Exercise requirements: Would you please return the data below verbatim, without its pictures?

Information shown:
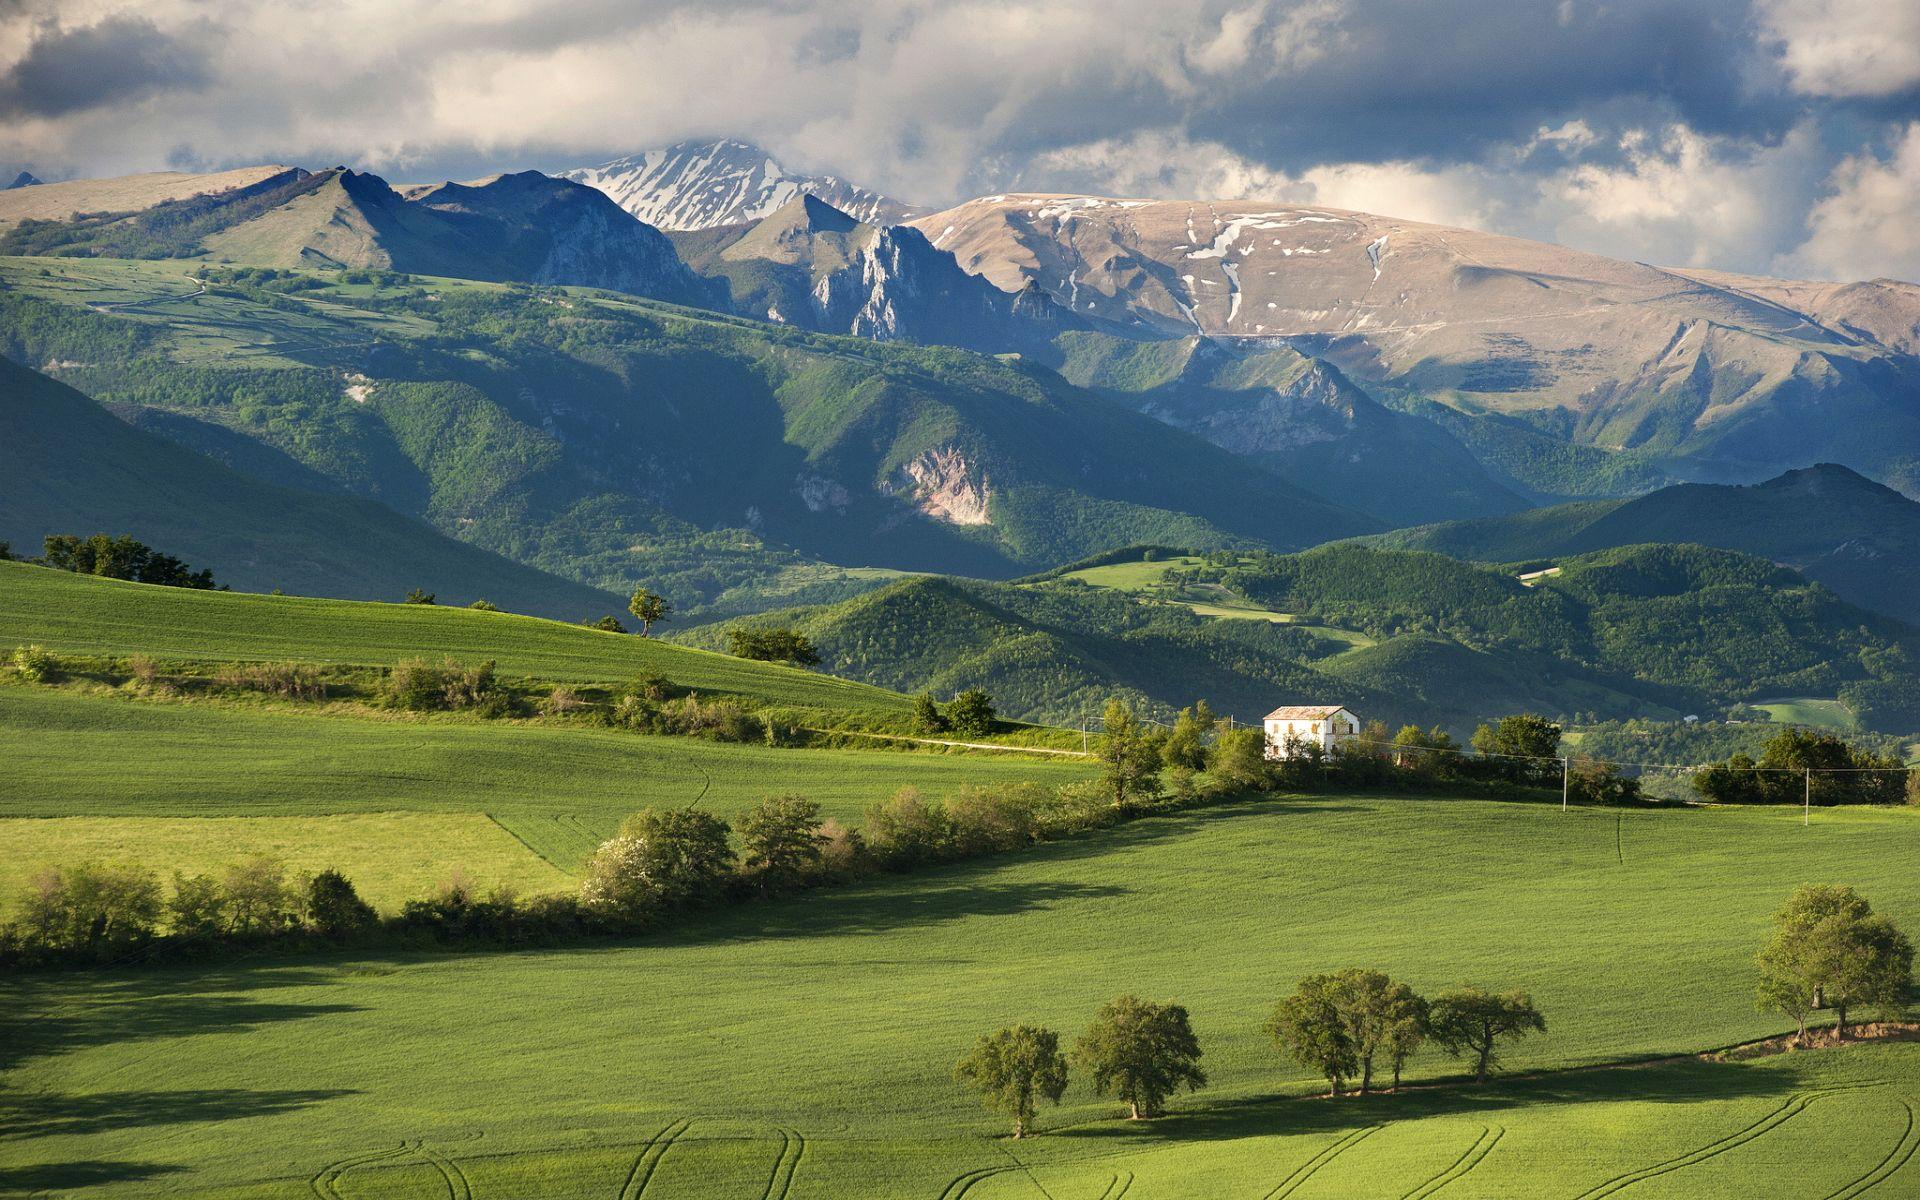 italian landscape with ox - photo #30
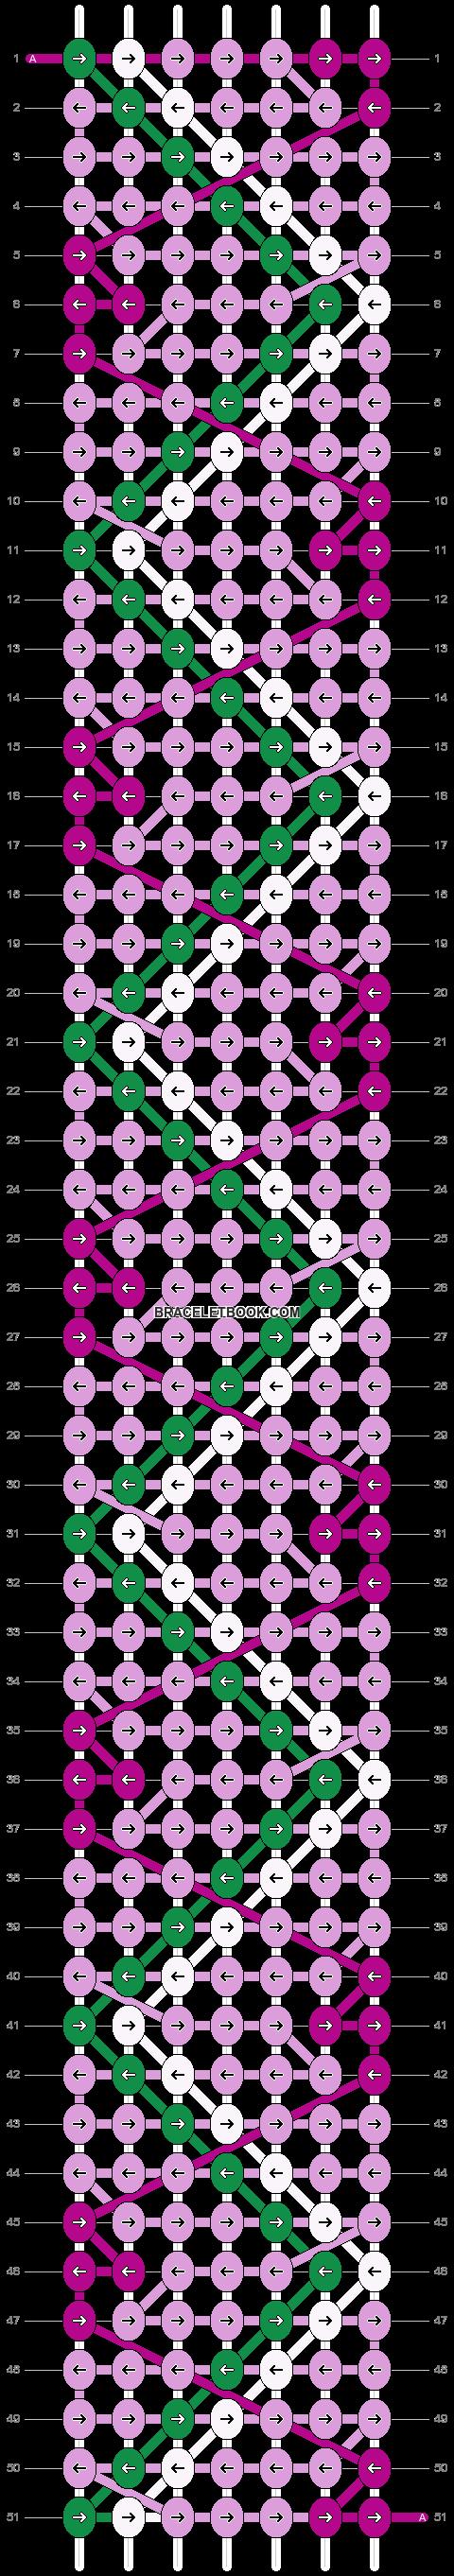 Alpha pattern #16069 pattern
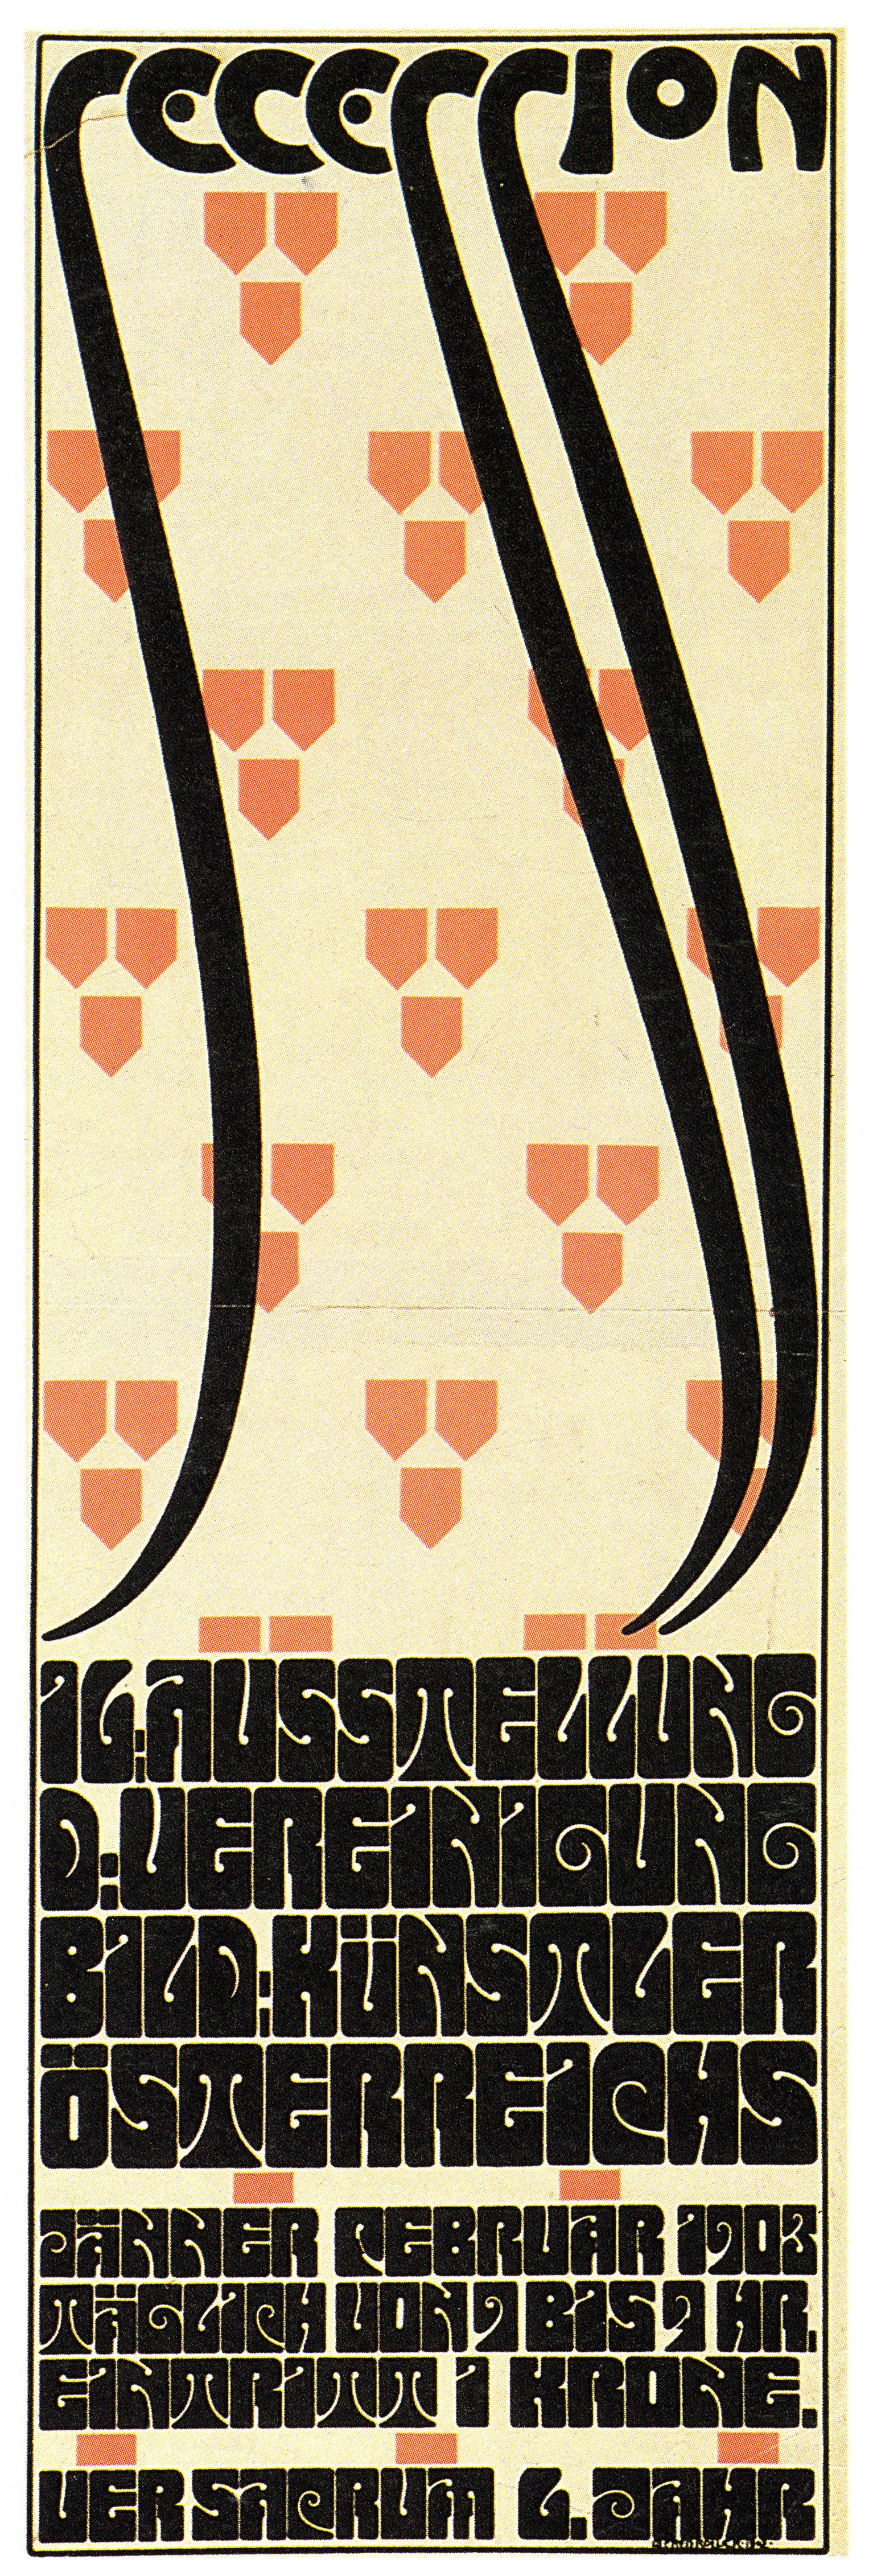 vienna secession  sixteenth exhibition  poster

Response to the exercise:
 italian landscape with ox - photo #30
 Alpha pattern #16069 pattern
 vienna secession  sixteenth exhibition  poster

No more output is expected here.